• PROBLEM TO SOLVE: Type out the complete listing below word for word, without its pictures.

• RECORDED DATA:
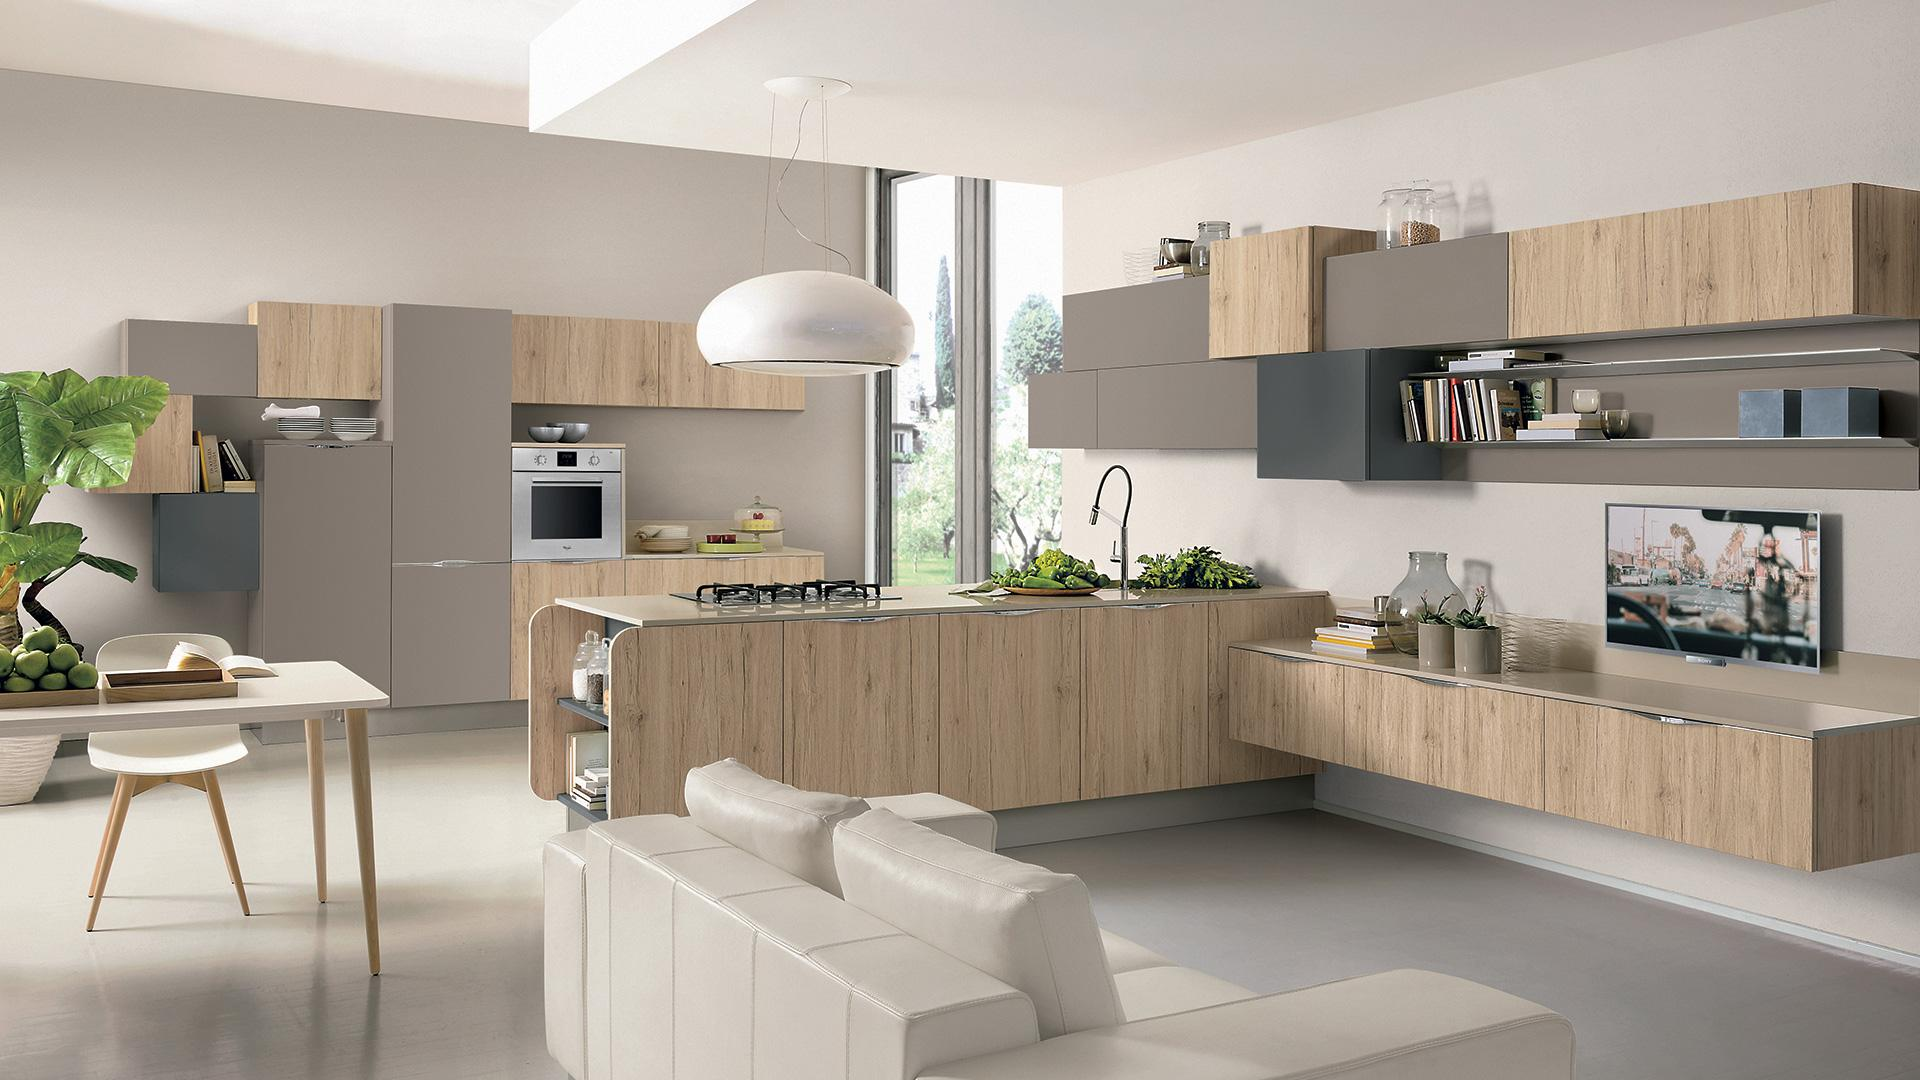 Negozi cucine milano elegant negozi cucine milano with - Cucine country milano ...
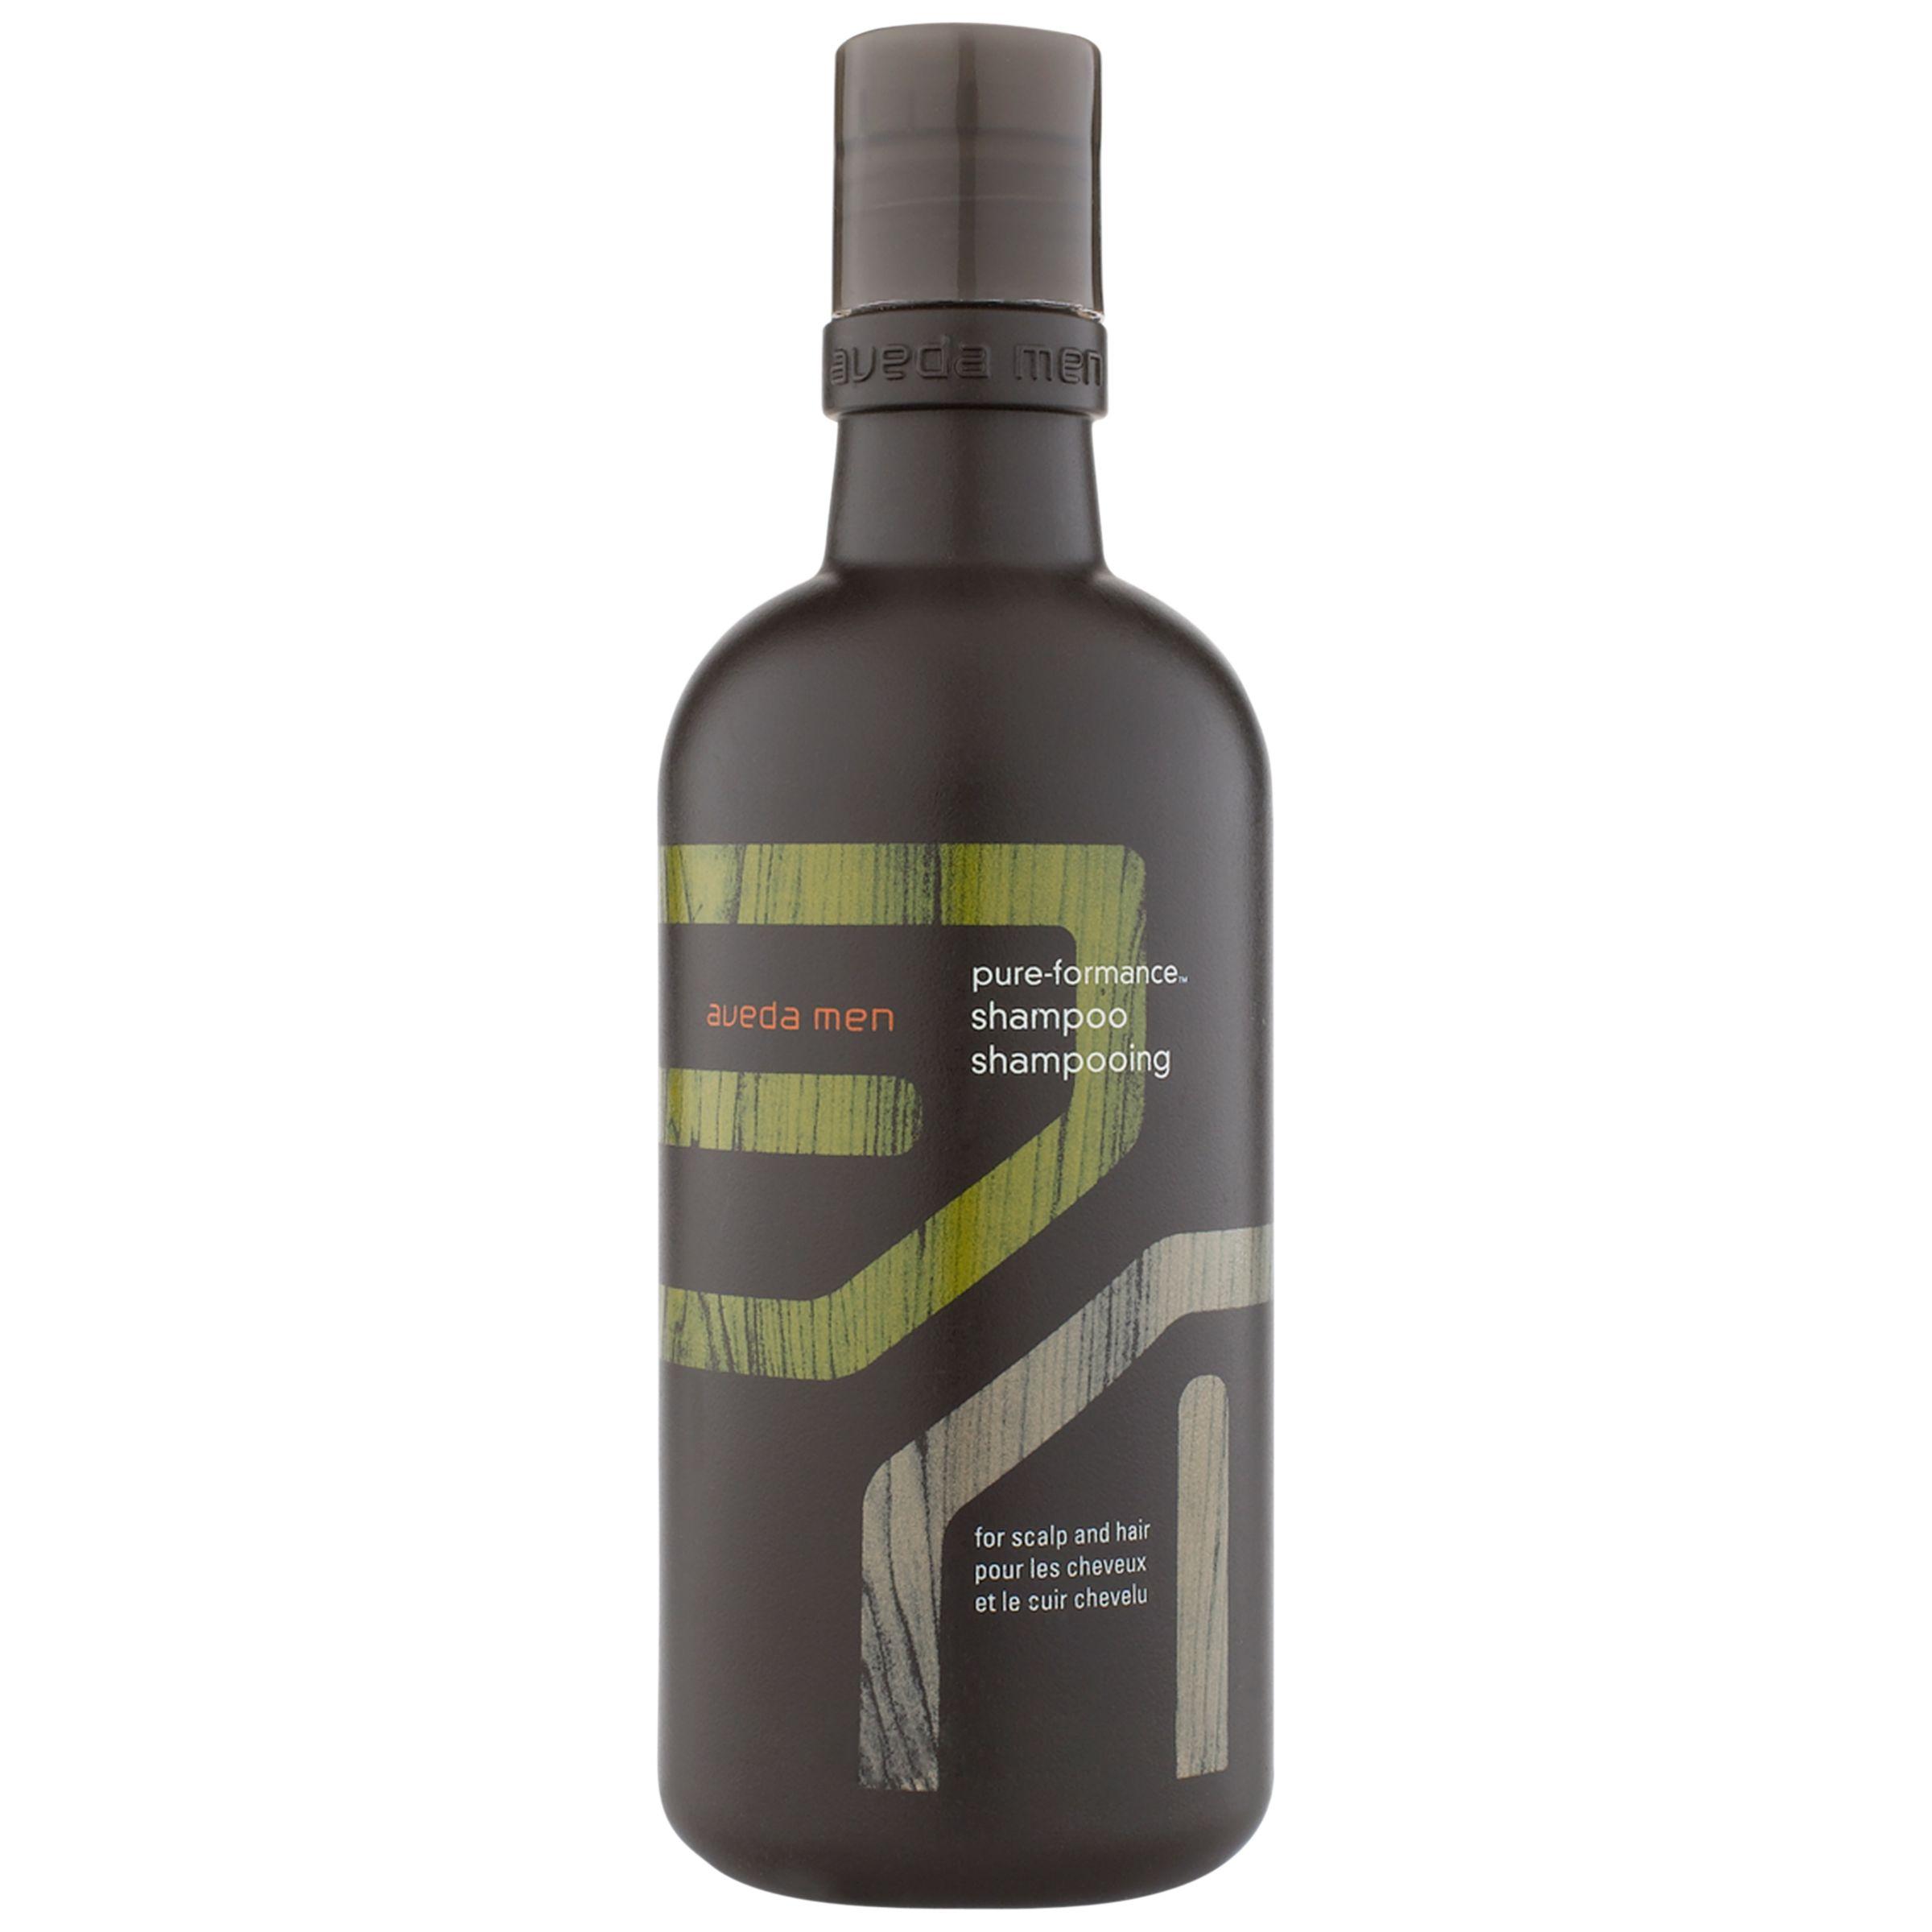 AVEDA Aveda Mens Pure-Formance Shampoo, 50ml
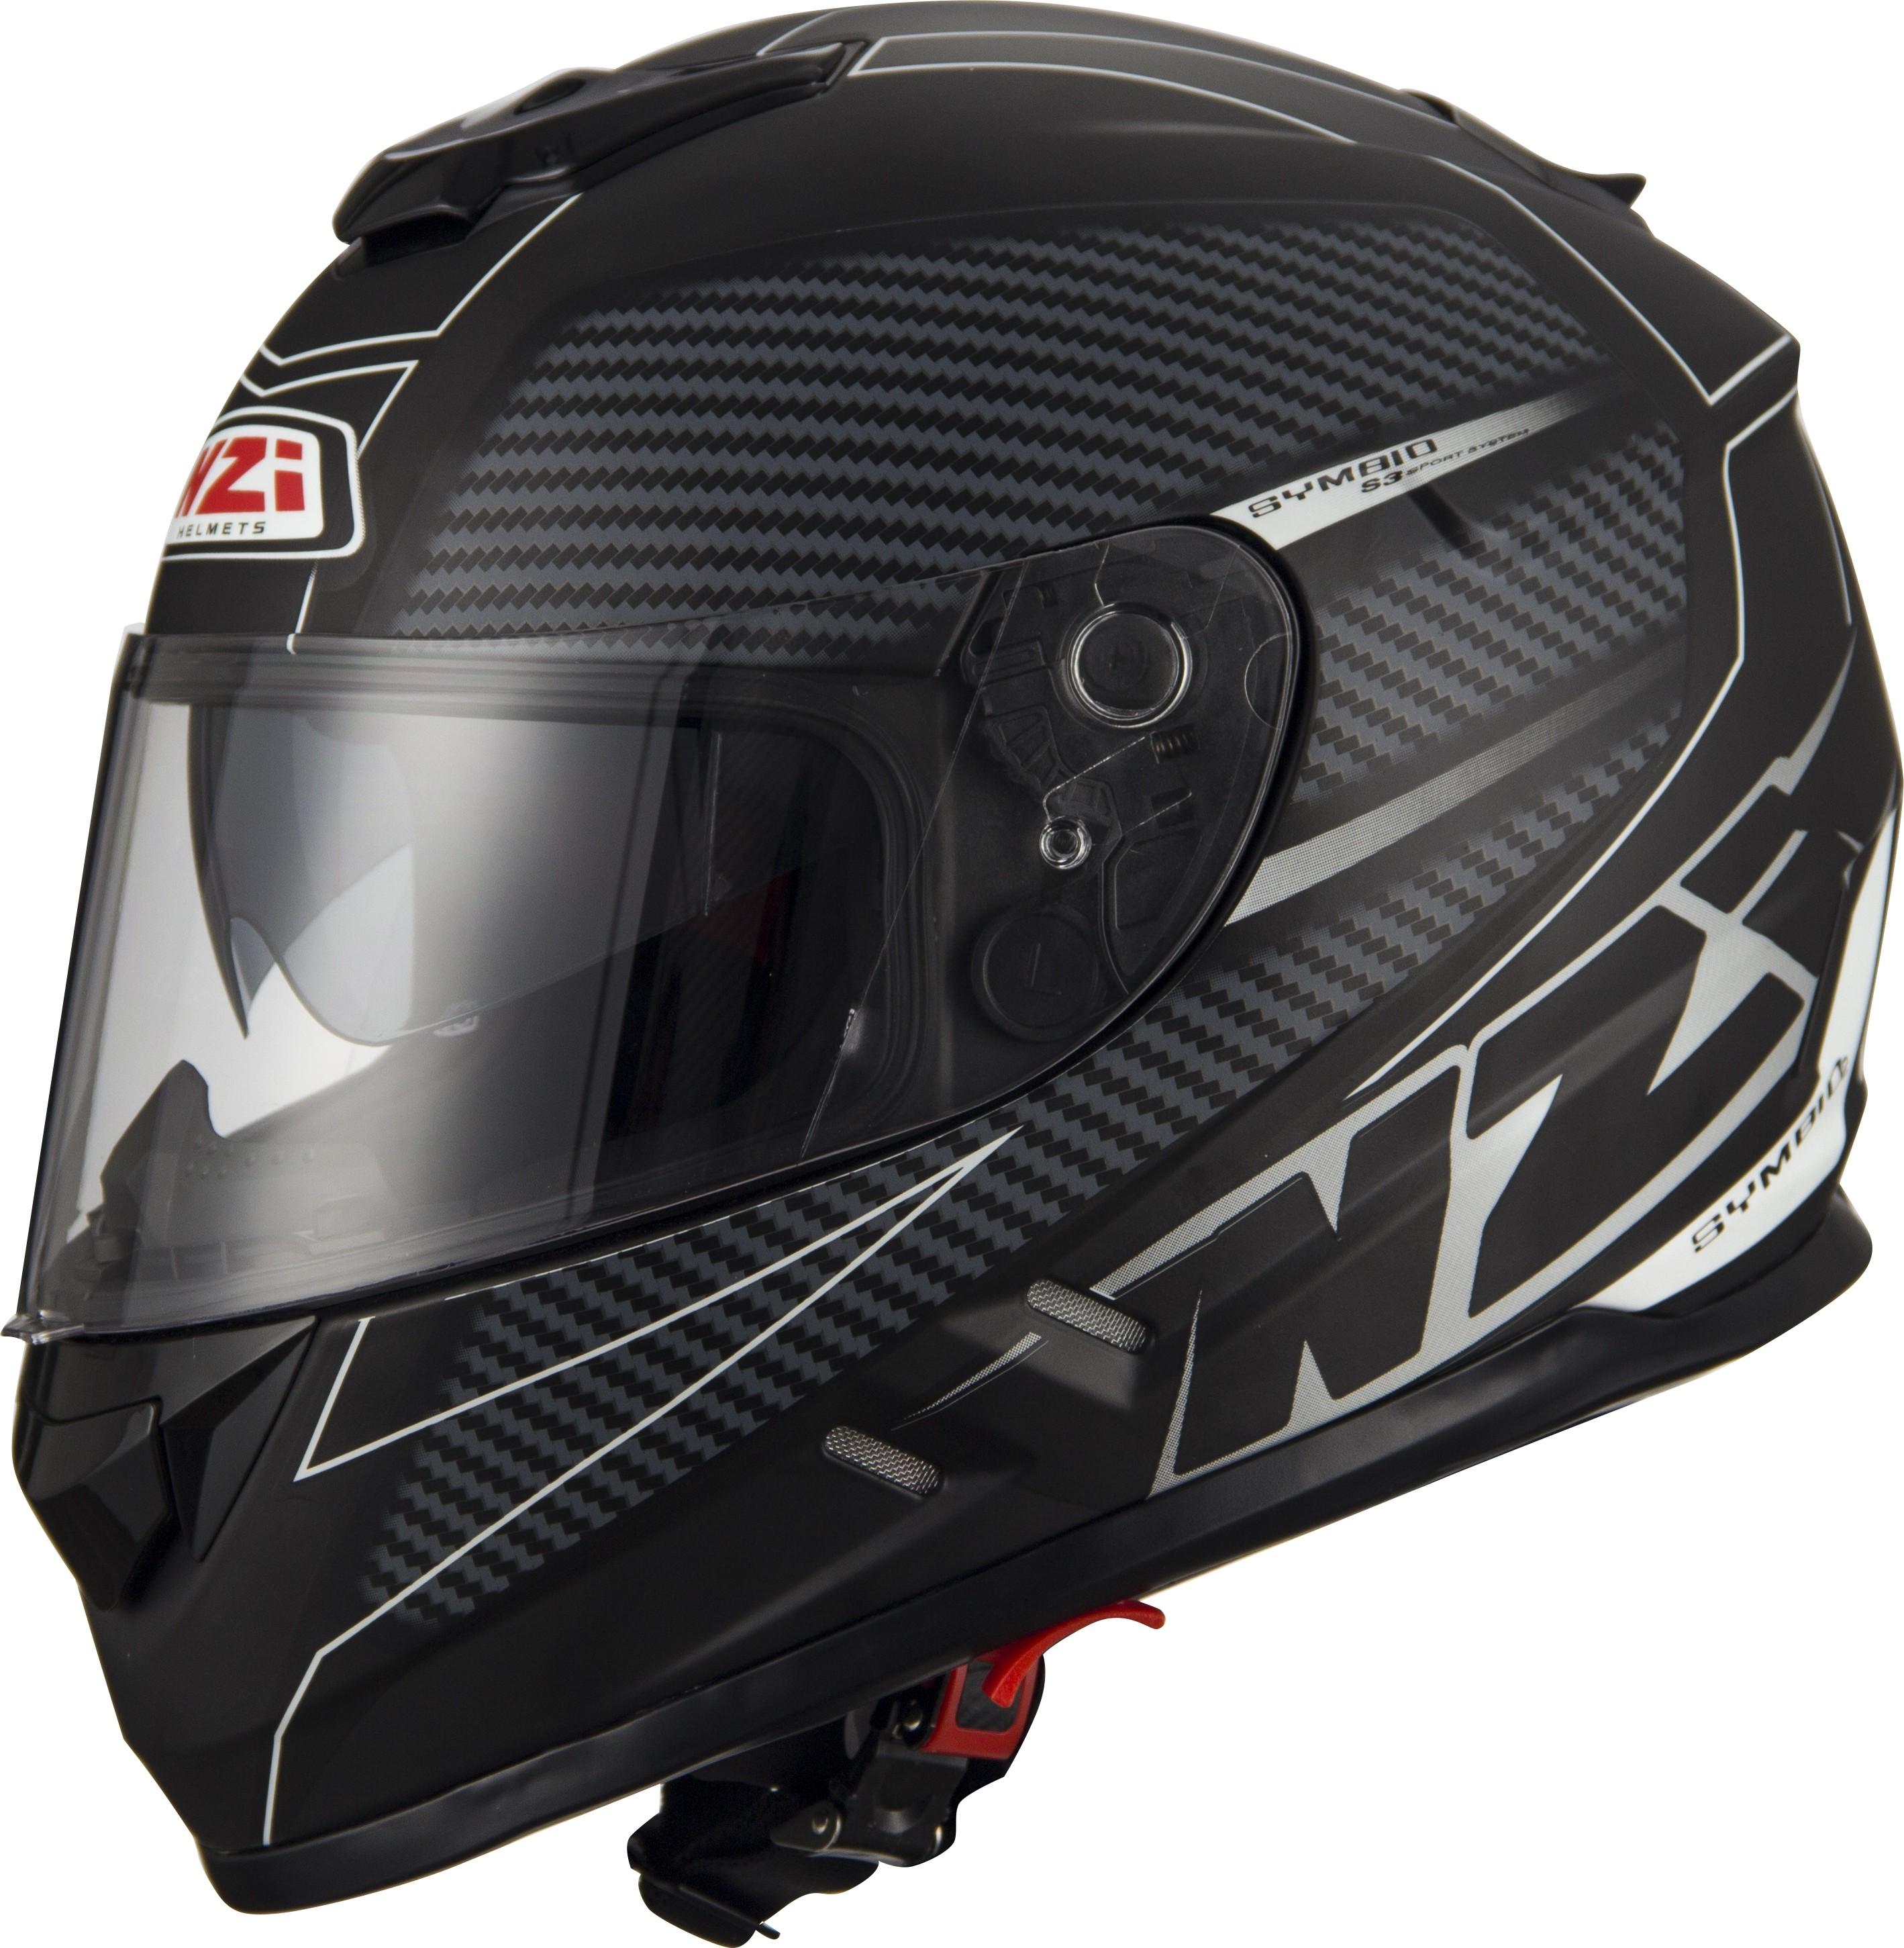 casco-nzi-symbio2-duo-visor-fiber-volt-negro-blanco-mate-150301a051

• EXERCISE OUTPUT:
 Negozi cucine milano elegant negozi cucine milano with - Cucine country milano ...
 AVEDA Aveda Mens Pure-Formance Shampoo, 50ml
 casco-nzi-symbio2-duo-visor-fiber-volt-negro-blanco-mate-150301a051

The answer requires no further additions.